In some examples, images that are comprised in the videos of the base dataset as frames may be phase contrast images or bright field images. In some other examples, the images may be fluorescence images of a fluorescently labeled living system. In yet further examples, each of the images may be a multi-channel combination of two or more kinds of images, for instance, a combination of one or more fluorescence images capturing fluorescent light of different wavelengths, a combination of one or more light images with one or more fluorescent images, a combination of light images of varying focus planes or type, etc.
After step S10, the process may proceed to step S20 and the computing device 20 may process the base dataset according to a video stabilization algorithm to reduce effect of jitter between frames. The jitter may result from difficulty to relocate the microscope object to the exact same location between frames, for example. It is noted that step S20 is an optional step which may be skipped in some circumstances.
After step S20 (or after step S10, in case step S20 is skipped), the process may proceed to step S30 and the computing device 20 may crop out, from the base dataset, sub-videos including one or more objects of interest that may be involved in a cellular event. In some examples, the one or more objects of interest may be a cell or a group of cells. More specifically, each individual cell or cells of a specific type such as cancer cell can be the one or more objects of interest. The one or more objects of interest may be defined as appropriate for the cellular event to be analyzed.
In order to crop out the sub-videos, the computing device 20 may identify and localize (in other words, detect and determine the position(s) of) the one or more objects of interest in the base dataset. For example, in case of analyzing videos of a cell culture, each frame in the videos may typically contain many individual cells as the objects of interest. Accordingly, the initial step may be to localize the cells for cropping out the sub-videos following the cells through the frames.

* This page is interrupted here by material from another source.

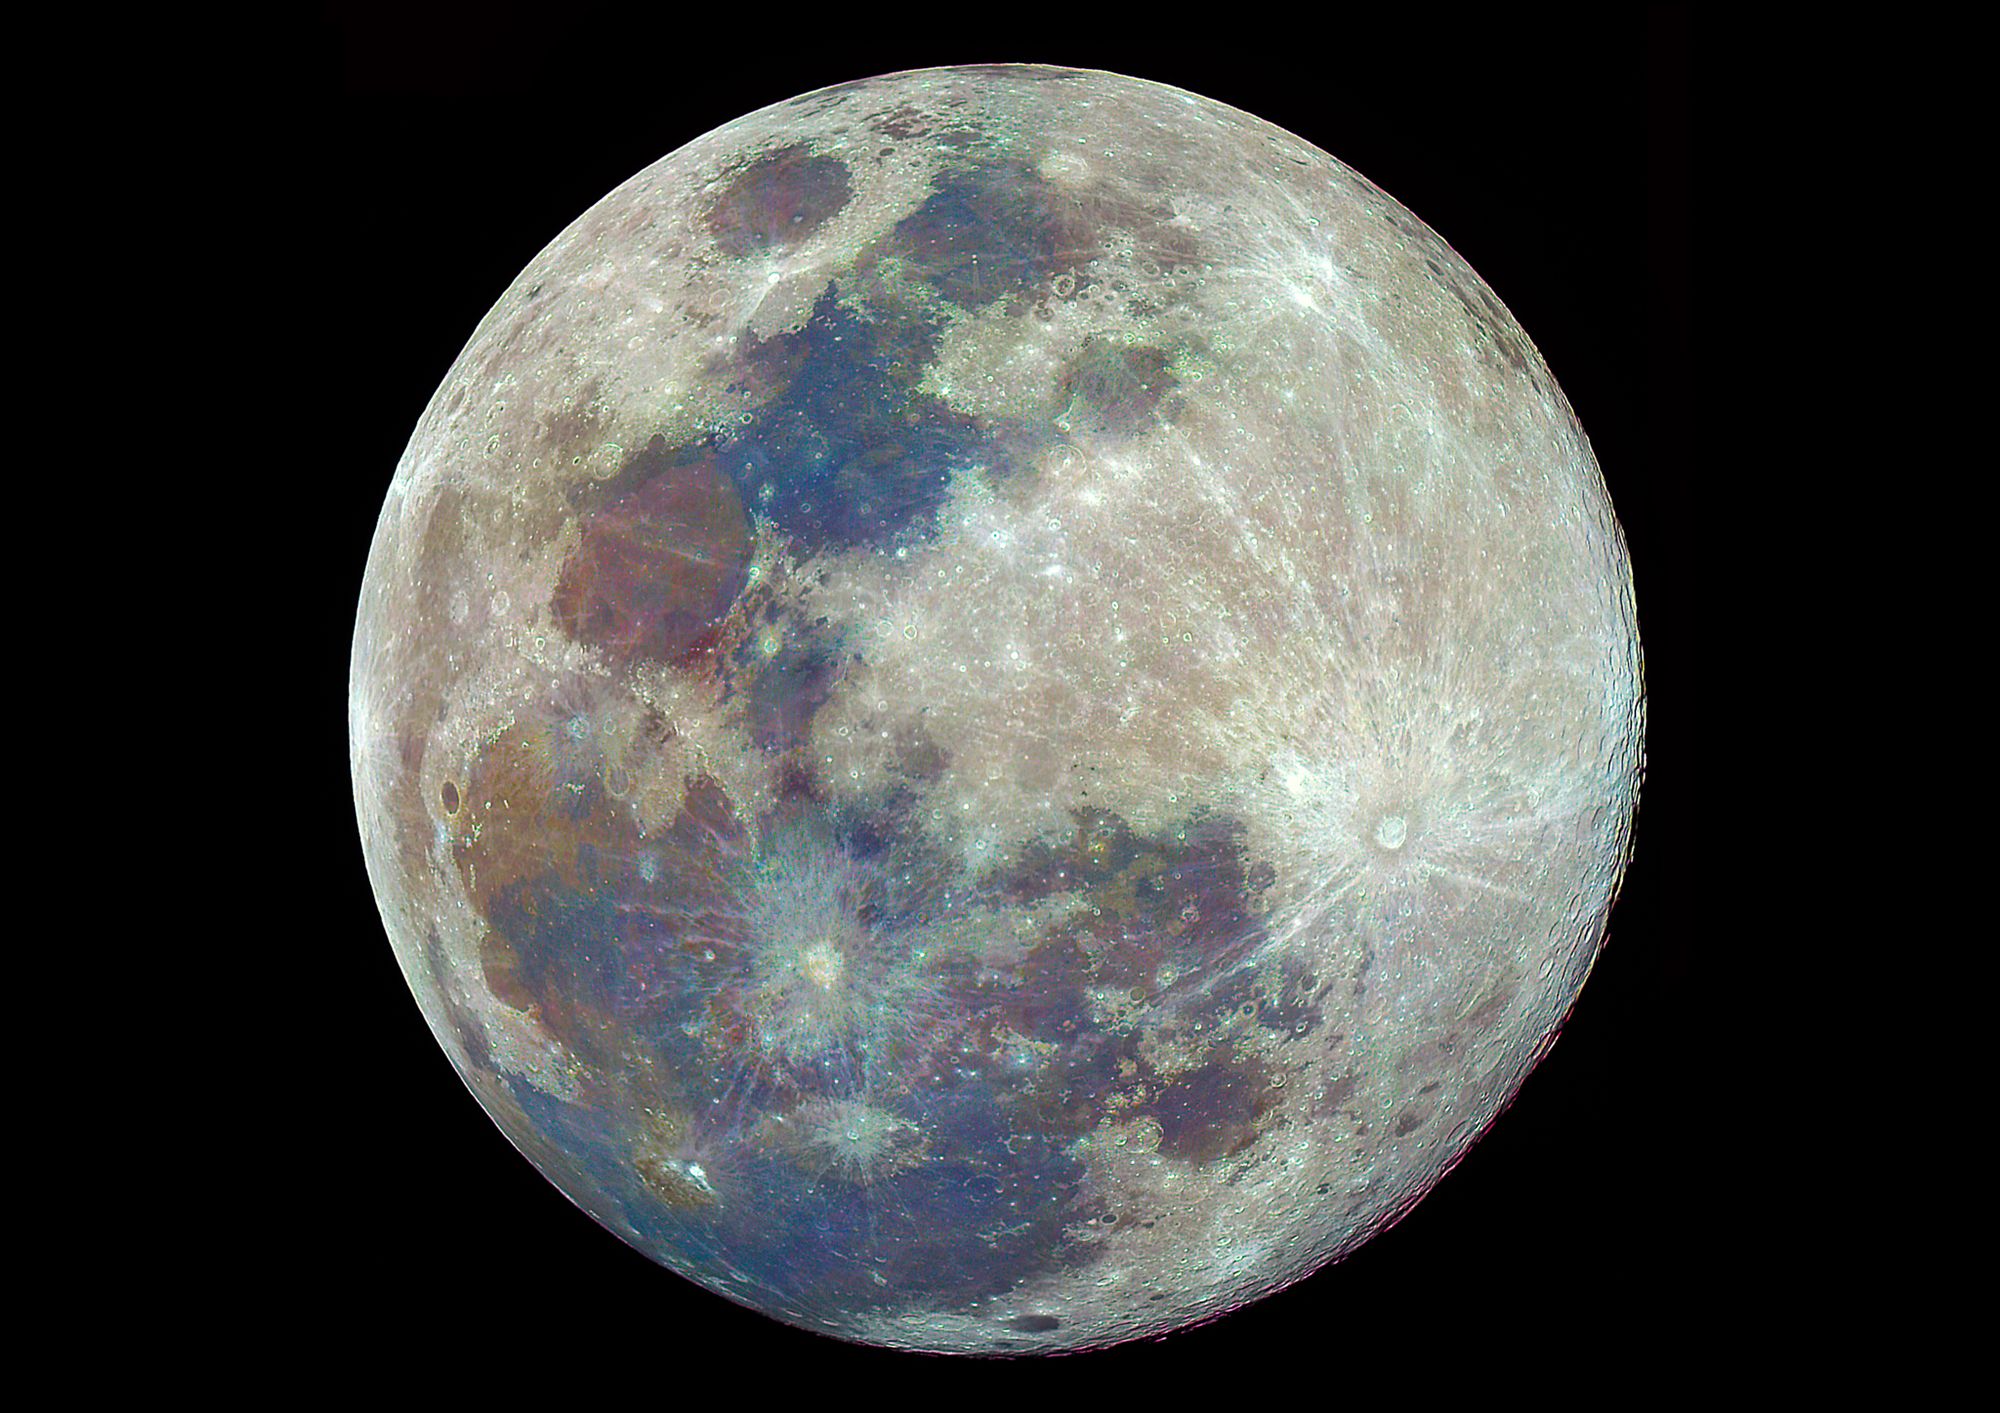 ความรู้จากภาพถ่าย “ดวงจันทร์” ในช่วงวันอยู่บ้านหยุดเชื้อเพื่อชาติ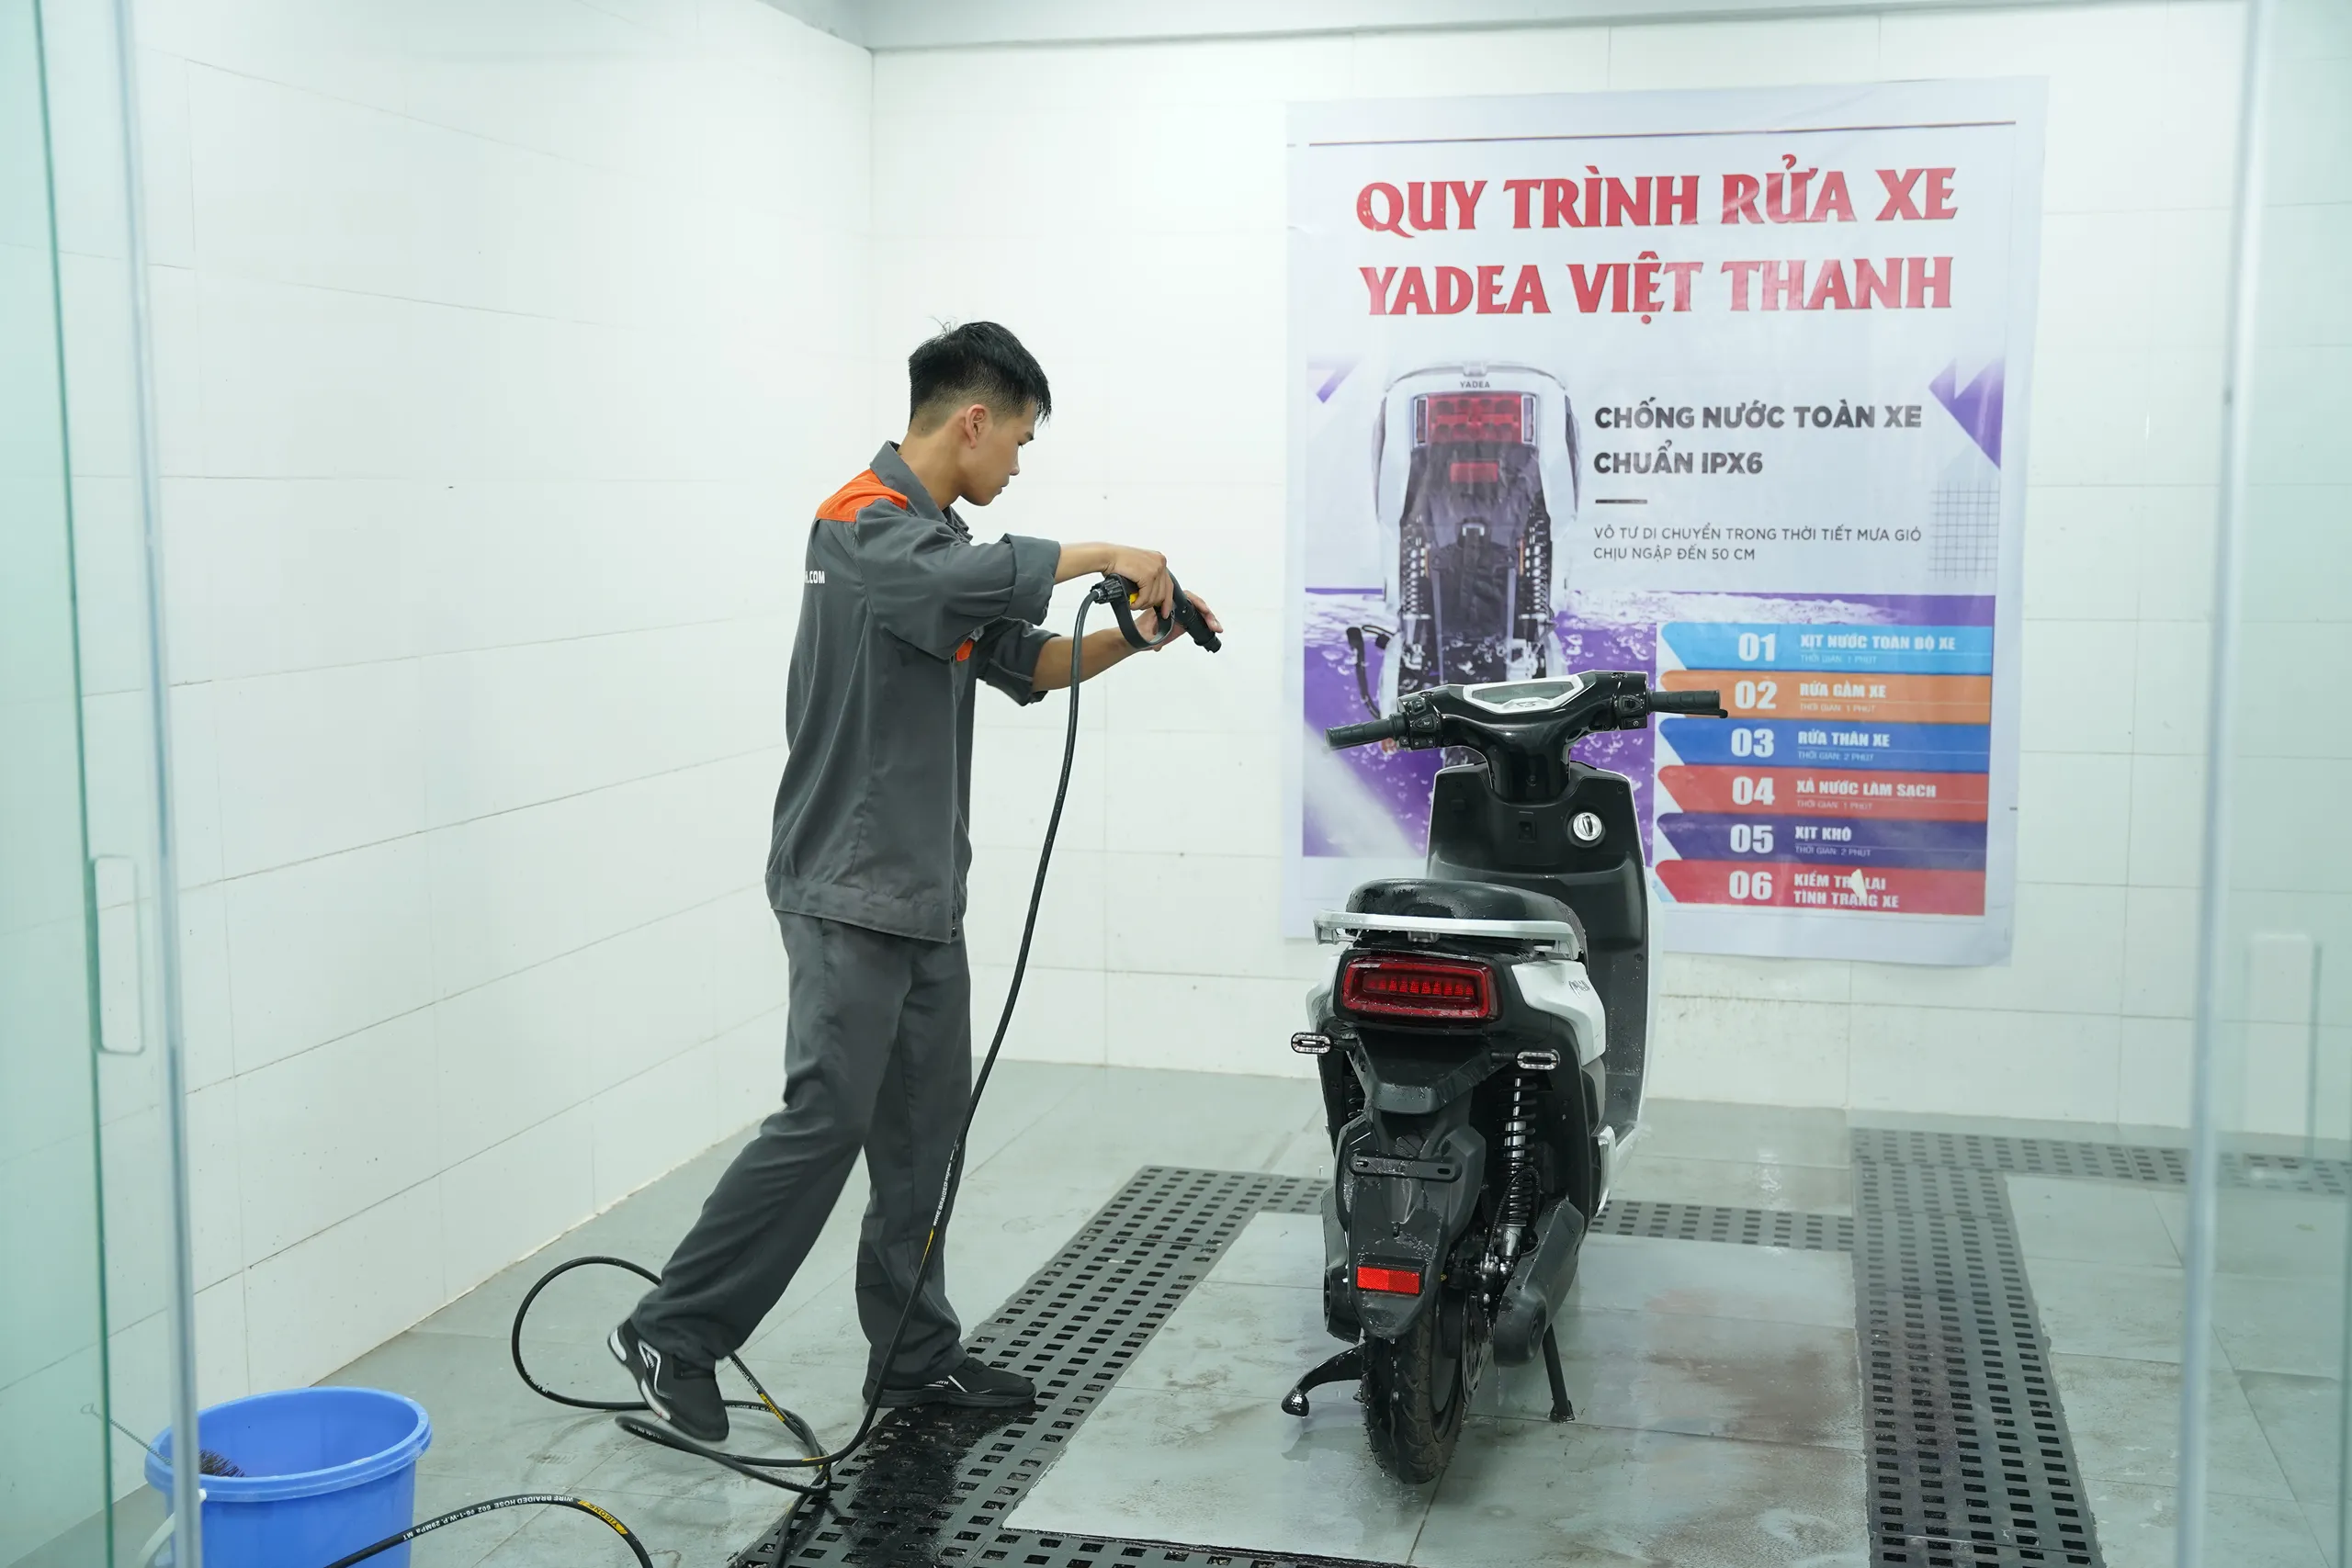 YADEA: Khai trương showroom đầu tiên theo tiêu chuẩn mới tại Việt Nam

For localization, a known localization algorithm may be used. A localization algorithm may employ computer vision algorithms to identify and localize the one or more objects of interest in an image. An example of a localization algorithm may be a convolutional neural network (CNN) trained for object detection within images. Another example of a localization algorithm may be a nucleus detection algorithm processing images of fluorescently labelled cells. Alternatively, the images may be divided into fixed subimages covering all or part of the original images.
Once the one or more objects of interest are identified and localized in (at least some of the frames from) the videos included in the base dataset, sub-videos following the one or more objects of interest throughout the duration of each video (e.g., each time-lapse) may be cropped out. A sub-video may constitute a complete field of view, or a limited field of view around an object field of view.
For highly motile objects (e.g., objects that move from one position to another between frames), it may be advantageous to apply a tracking algorithm to follow the movements of the objects of interest between frames. Examples of the tracking algorithm may include, but are not limited to, the Kanade-Lucas-Tomasi feature tracker (see e.g., Lucas, Bruce D., and Takeo Kanade. “An iterative image registration technique with an application to stereo vision.” (1981): 674.), mean-shift algorithm (see e.g., Cheng, Yizong. “Mean shift, mode seeking, and clustering.” IEEE transactions on pattern analysis and machine intelligence 17.8 (1995): 790-799), multiple instance learning algorithms (see e.g., Babenko, Boris, Ming-Hsuan Yang, and Serge Belongie. “Visual tracking with online multiple instance learning.” 2009 IEEE conference on computer vision and pattern recognition. IEEE, 2009), the GOTURN tracker (see e.g., Held, David, Sebastian Thrun, and Silvio Savarese. “Learning to track at 100 fps with deep regression networks.” European Conference on Computer Vision. Springer, Cham, 2016.), etc.
For less motile objects (e.g., objects that do not move out of a relatively small area over time between the frames), it may be sufficient to localize the objects of interest in the first frame of a video and then crop an area in a fixed position throughout the duration (e.g., time-lapse) of the video.
After the one or more objects of interest (e.g., one or more cells) have been cropped out to sub-videos, a dataset of sequences of the one or more objects of interest over time with no alignment may be obtained.
Referring again to
After step S40, the computing device 20 may train the ANN model using the selected sub-videos as training data to perform unsupervised video alignment. For example, the computing device 20 may train the ANN model based on temporal cycle consistency learning (TCC) (see e.g., Dwibedi, D., Aytar, Y., Tompson, J., Sermanet, P. & Zisserman, “A. Temporal Cycle-Consistency Learning”. in 1801-1810 (2019)). TCC is a method for aligning a self-supervised fashion using deep learning to learn an embedded video representation that is consistent when finding the nearest neighbor in another video and then going back again.
For each training iteration, TCC may take two videos as input, e.g., videos 1 and 2 in
More specifically, for a given encoded frame ui in video 1, the soft nearest neighbor
where:
where each vk may be an encoded frame in video 2, and |ui-vk|2may denote a squared Euclidean norm between ui and vk.
From the soft nearest neighbor
where each uj is an encoded frame in video 1. The proximity may then be normalized according to a Gaussian distribution and the loss may be penalized to result in narrow distribution in a final loss term:
where λ may be a hyperparameter to set the strength of the regularization term, the average position may be defined as:
the variance may be:
for each k between 1 and the length of the sequence.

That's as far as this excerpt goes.